Deep Neural Network Trained on Surface ECG Improves Diagnostic Accuracy of Prior Myocardial Infarction Over Q Wave Analysis

Ozal Yildirim1, Ulas Baloglu2, Muhammed Talo3, Prasanth Ganesan4, Jagteshwar Tung4, Guson Kang4, Mahmood Alhusseini4, Tina Baykaner4, Paul Wang4, Marco Perez4, Larissa Tereshchencko5, Albert Rogers4
1Munzur University, 2University of Bristol, 3Firat University, 4Stanford University, 5OHSU


Abstract

Background: Clinical screening of myocardial infarction (MI) is important for preventative treatment and risk stratification for cardiology practice. Many of these events may be silent (without clinical symptoms) but have the same impact on health. Current detection by ECG Q-wave analysis is quick and inexpensive but has poor accuracy for assessing prior MI.

Objective: To evaluate the ability of a deep neural network (DNN) trained on the surface ECG to identify patients with clinical history of myocardial infarction.

Methods: We assessed 608 well-characterized patients (61.4 ± 14.5 years, 31.2% female) at 2 academic centers. From one 12-lead ECG, median beats were calculated in 3 orthogonal planes (X, Y, Z; [A]) and used to train a DNN to identify a history of prior myocardial infarction. Accuracy was compared to manual assessment of pathologic Q waves, defined as a deflection > 25% of the subsequent R wave, >40ms in width, and > 0.2mV amplitude in 1 of 3 ECG planes.

Results: Of 608 patients, 175 had history of MI (28.7%). The DNN outperformed the accuracy of pathologic Q waves. In training, DNN converged to >98% accuracy and in testing, its accuracy was 71 ± 5% [B] (k=5-fold cross validation). This outperformed the 62% accuracy of pathologic Q waves in this study (red dotted line, Fig. B). In the validation cohort, DNN provided an area under the receiver operating characteristics curve of 0.730 [C].

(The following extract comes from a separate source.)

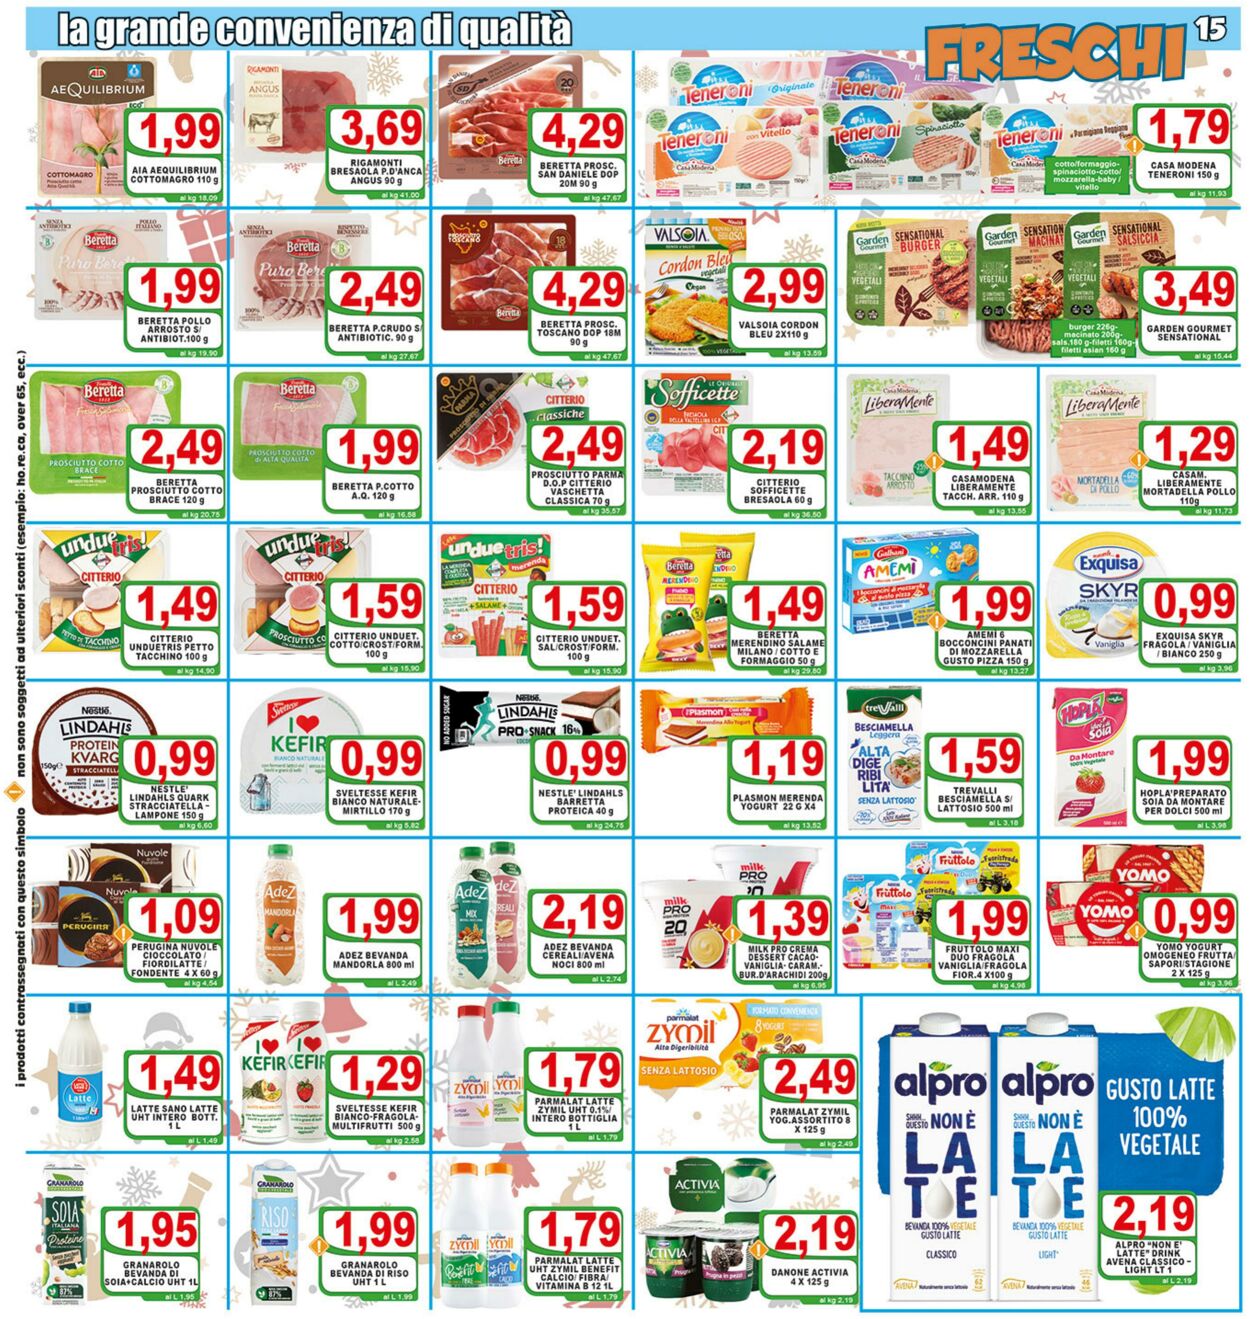 Top Supermercati Volantino Promozionale - Capodanno 2023 - Befana 2023 -  Valido da 27.12 a 06.01 - Pagina N. 15

Conclusion: Deep learning of a 12-lead ECG can identify features of prior myocardial injury more accurately than clinical Q-wave analysis. Such a platform could be used for frequent screening of interval MI events. In attempting to improve these results further, studies should explain what inputs weighted DNN decisions, and identify those that reflect abnormalities detectable clinically or on imaging.